While the number of women completing STEM doctorates has risen, the proportion of women earning engineering PhDs remains low. And, in 2019, while 24.1% of engineering doctorates were earned by women, only 1.4% were earned by Hispanic, Black and Native American women.

“Student attrition results in a loss of talent to the national endeavor of research and discovery at universities fueling U.S. economic growth, and unwelcoming organizational climates in engineering doctoral programs likely contribute to this attrition,” said Aldridge. “Our team intends to create an instrument to measure those climates. We are designing a survey to find out how engineering doctoral students feel about being part of their departments.”

The goal of the project is to examine doctoral students’ perceptions of the factors that impact their persistence in degree completion and the differences in experiencing those factors based on intersecting social categories. Aldridge’s project adopts an explicitly intersectional approach to the meaning and relevance of students’ belonging to multiple social categories, including gender, race/ethnicity, and sexual orientation, considered within the context of engineering doctoral education. Drawing on organizational climate research and intersectionality theory, the project’s multidisciplinary team aims to use a student-centered approach to shed light on multiple climates by engaging with students from diverse groups.

“The NSF asked if we could expand the project’s scope and include a focus on engineering doctoral students who are members of the LGBTQ+ community,” said Aldridge. “This is a diverse group that often gets overlooked in research about how to increase diversity in engineering.”

To achieve a comprehensive picture of departmental climate and persistence—which may differ by intersectional group, major and institution type—iterative and complementary cycles of project implementation are planned during the four-year project. In year one, researchers will use findings from the quantitative pilot climate survey approach to inform the qualitative design.

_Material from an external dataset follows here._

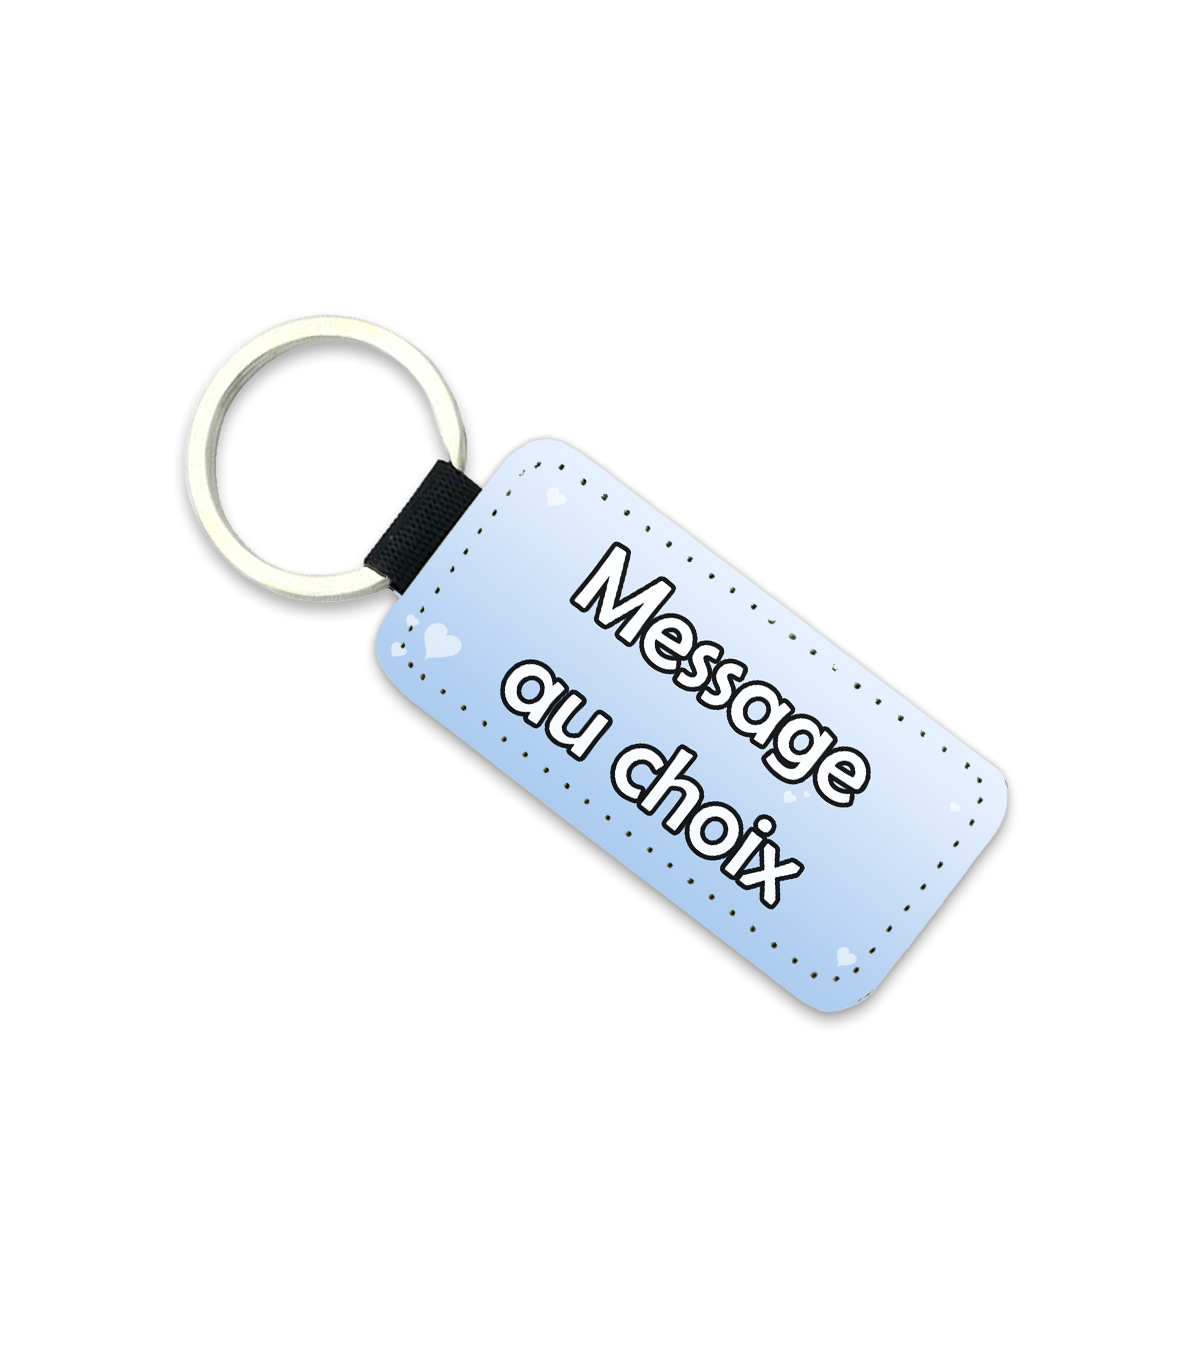 Porte-clés en cuir PU avec photo personnalisée pour hommes, porte-clés  personnalisé, message GNE, papa, mari, petit ami, Drive Safe, cadeaux -  AliExpress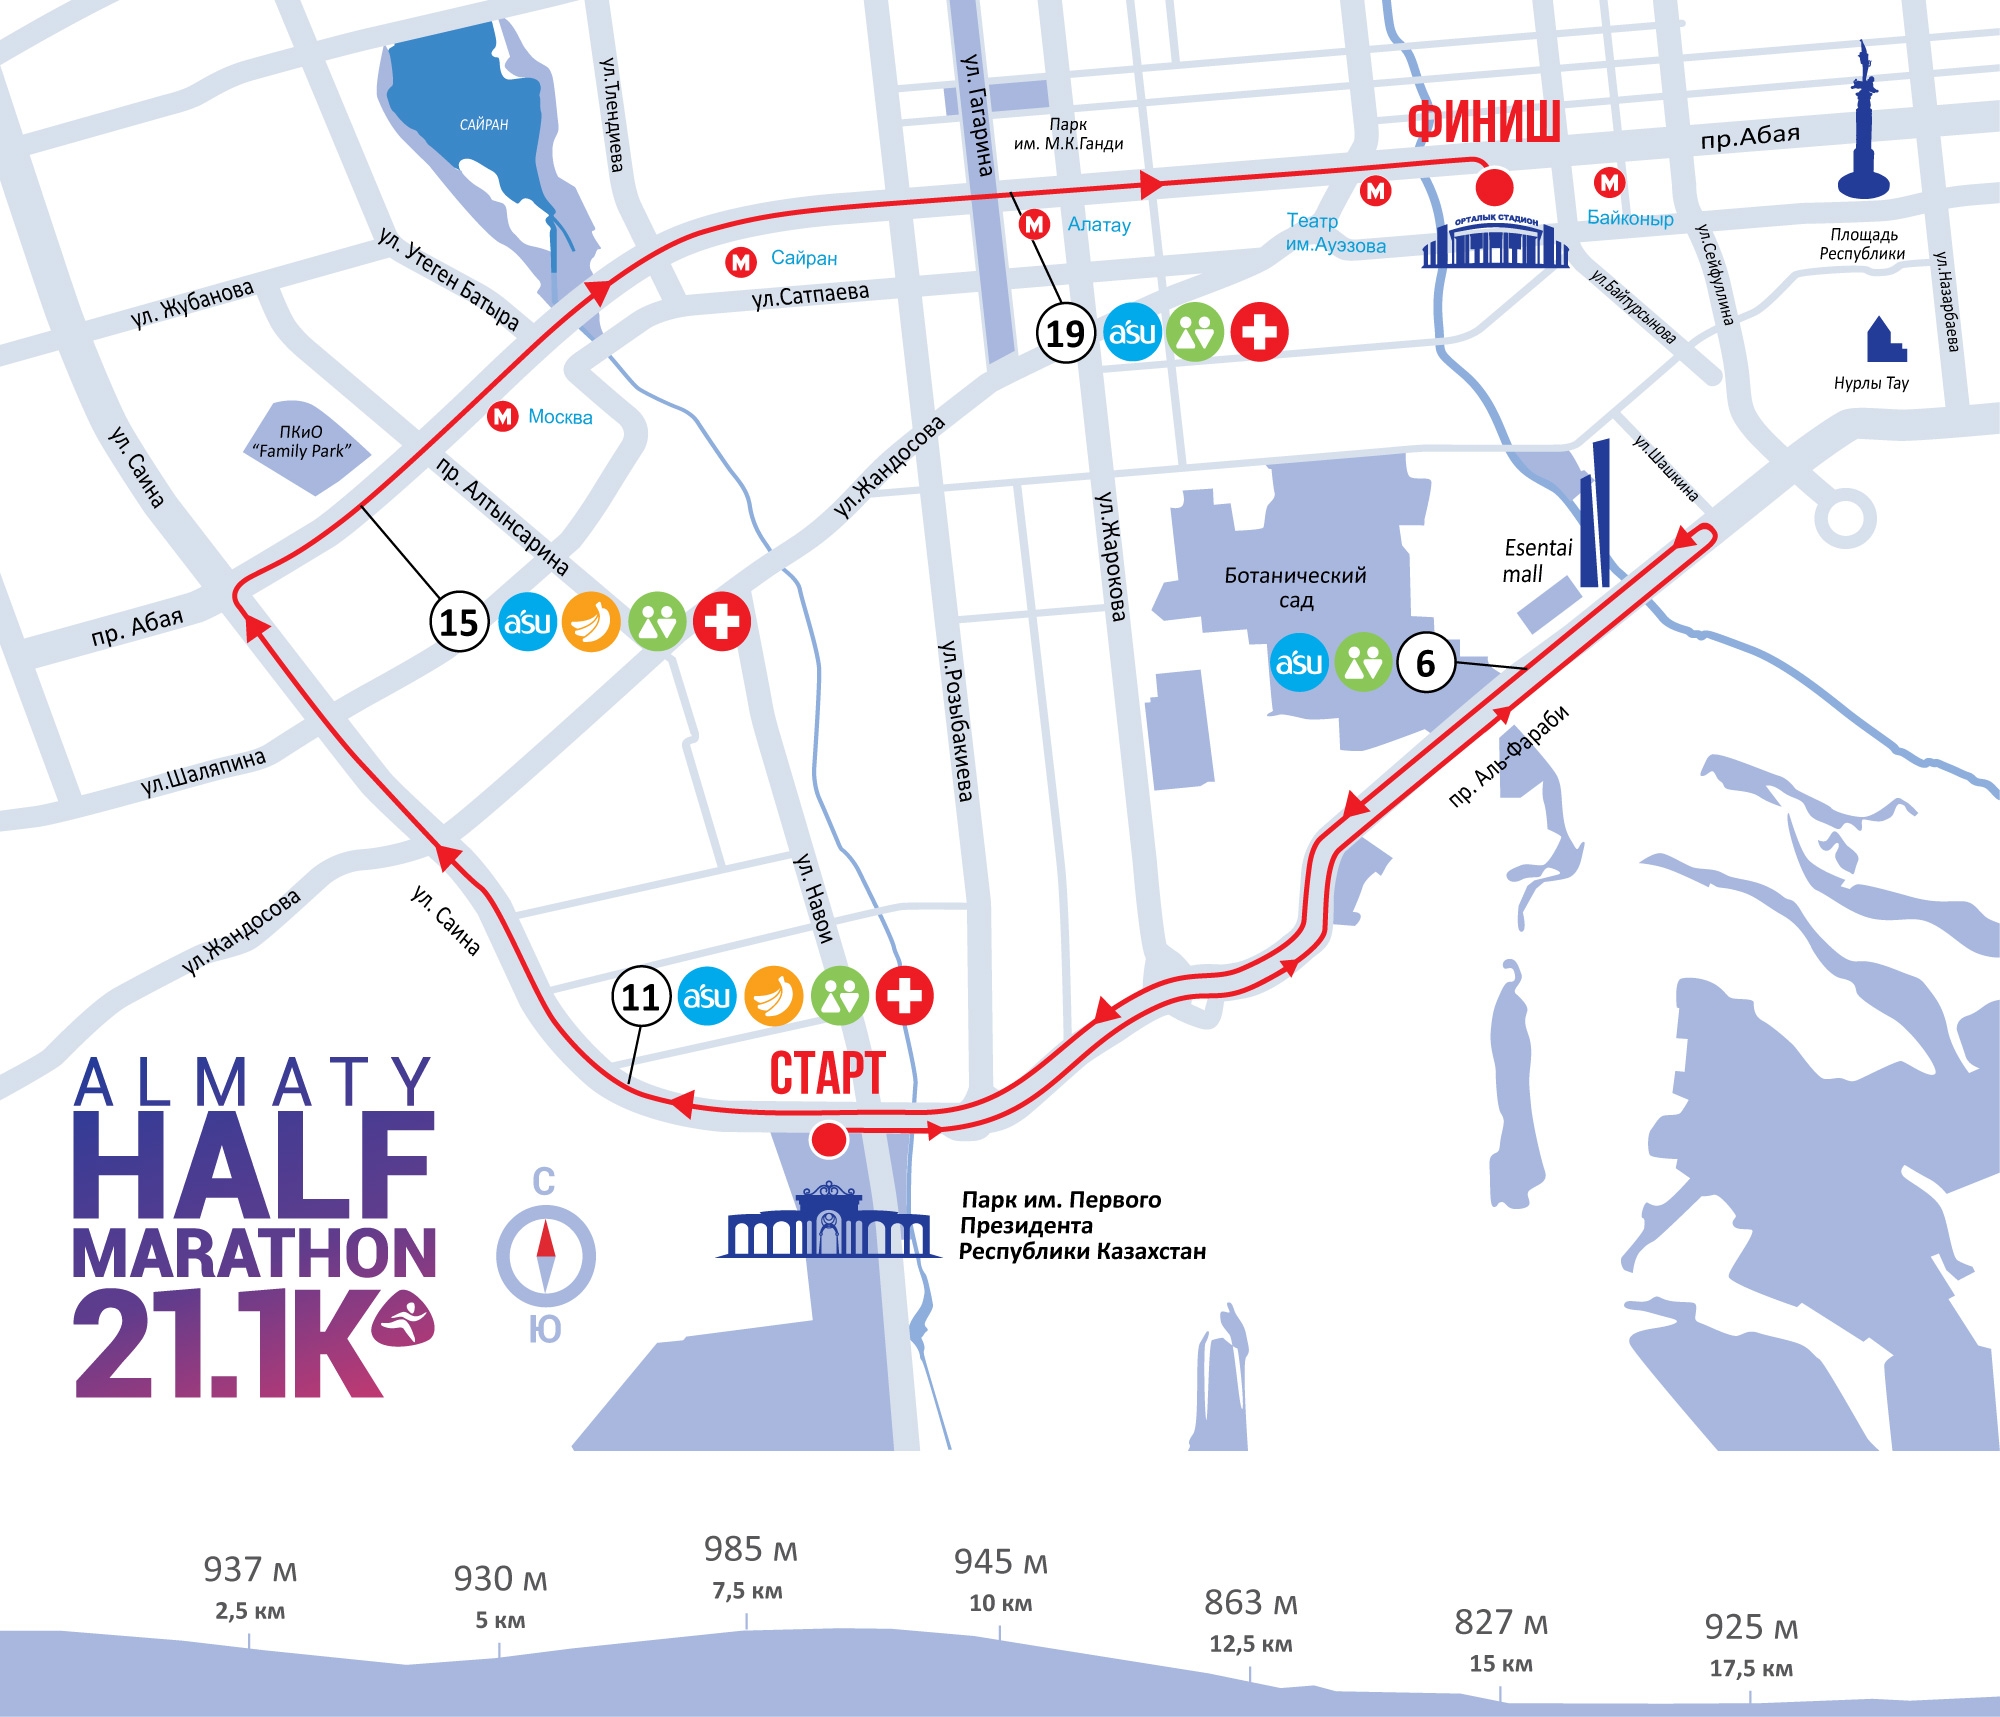 Almaty Half Marathon 2021

The team aims to repeat this process in year two to develop, refine and validate the final survey instrument. In partnership with the American Society for Engineering Education (ASEE), the final survey will be administered in years three and four to engineering doctoral students, and findings will be shared with engineering deans.

The research team includes: Nicole Else Quest, associate professor of women’s and gender studies at University of North Carolina at Chapel Hill; So Yoon Yoon, assistant professor of engineering and computing education at University of Cincinnati; and Joe Roy, director of institutional research and analytics at ASEE.

A social scientist who focuses on leadership and organizational innovation, Aldridge joined The Ohio State University’s Department of Engineering Education in 2020. Prior to that role, she was a postdoctoral scholar at Ohio State. She earned her bachelor’s in art at Wittenberg University in Springfield, Ohio; her master’s in natural resources from Ohio State; and her PhD in agricultural communication, education and leadership from Ohio State.